By  |  November 13, 2025

Vodacom has quietly closed a deal that could change how millions of Africans get online. The Johannesburg-based operator announced it will integrate Starlink satellite backhaul into its mobile network and resell Starlink terminals and services across the continent.

The move comes after years of regulatory friction that kept Starlink out of South Africa, and it immediately raises questions about who will benefit and how quickly the service will roll out.

Satellite links can reach places where fibre and towers are too expensive to build. Vodacom says adding low-earth orbit satellites will speed up coverage expansion and lift performance in rural pockets where signal quality and capacity are poor. For a telco that has publicly set a 2030 target to reach 260 million customers, the partnership is a pragmatic way to extend reach without shouldering the full cost of ground networks.

Vodacom’s CEO Shameel Joosub was careful to point out that rolling out services will depend on licensing in each country. In other words Vodacom can use Starlink gear where regulators allow it.

That caveat matters because Starlink itself has been blocked from getting a South African license under current rules that require 30 percent local ownership by historically disadvantaged groups.

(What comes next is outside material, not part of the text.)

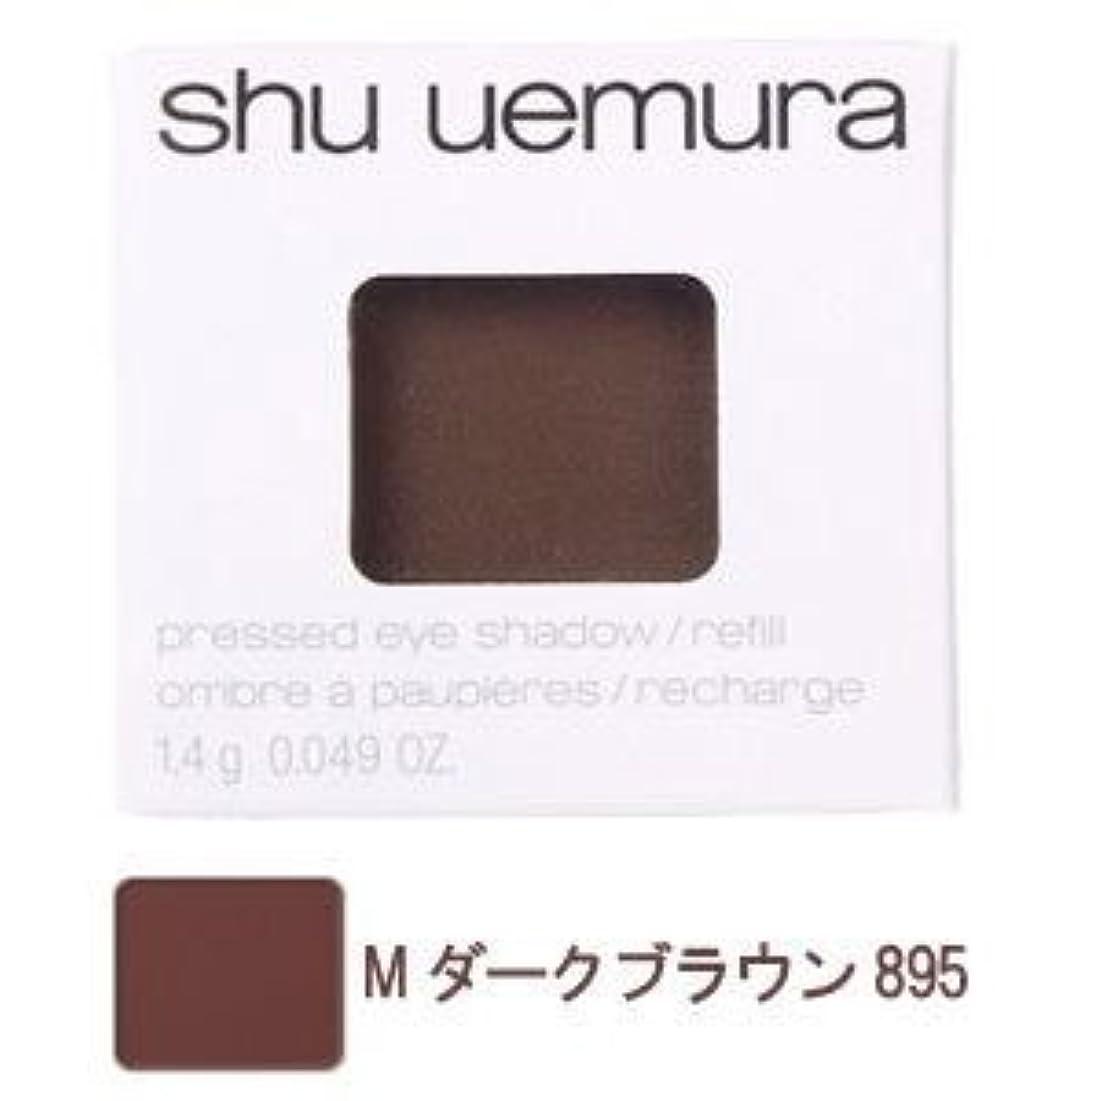 仮称編集する消毒剤shu uemura シュウ ウエムラ<br>プレスド<br>アイシャドー<br>#M<br>ダークブラウン<br>895<br>レフィル [並行輸入品]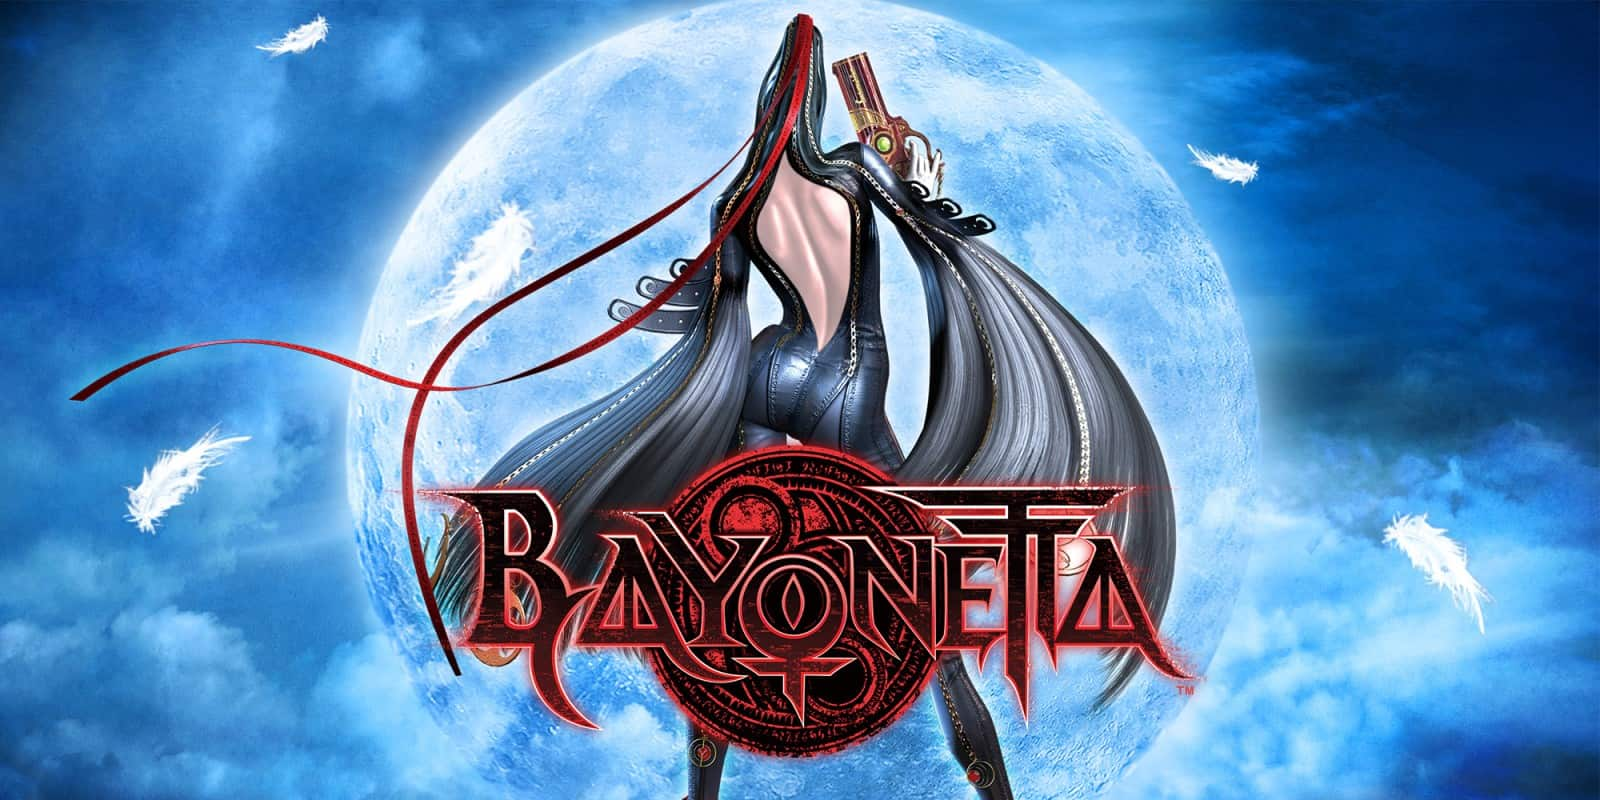 Bayonetta compie 10 anni

SpaceX has been lobbying for an alternative compliance model that would let it operate through investments that mirror local ownership rather than by handing over direct equity.

Meanwhile, earlier this year, South Africa’s communications ministry floated a draft policy that would allow equity-equivalent programmes as a route to compliance.

Critics say the proposal looked like special treatment for a high-profile company. Officials denied that claim and framed the change as a broader move to modernise rules that were written for a different era of telecoms. The policy debate shows why a Vodacom-Starlink tie-up could be faster to implement in other African markets than on home soil.

The deal could be a net positive for customers and businesses if prices and service quality are reasonable. Starlink brings low latency and higher speeds than traditional geostationary satellites. That can unlock richer use cases such as cloud services, video conferencing, and point-of-sale systems in remote towns.

However, satellite capacity is not infinite and must be paired with local investment in towers, power, and last-mile connectivity to make internet access reliable and affordable. Observers say the technology alone will not replace the basic economics of serving low-income and dispersed populations.

African mobile operators have been testing partnerships with several space-based providers. Vodacom has said it works with other satellite players and competitors like MTN are pursuing similar options. Reselling Starlink hardware and services opens a new revenue line while preserving Vodacom’s role as the customer-facing brand and network operator. For Starlink, the arrangement boosts reach without the headache of complying with every national ownership rule directly.

Although the partnership is a practical response to a hard problem, it also exposes gaps in regulation and in the way governments think about digital inclusion.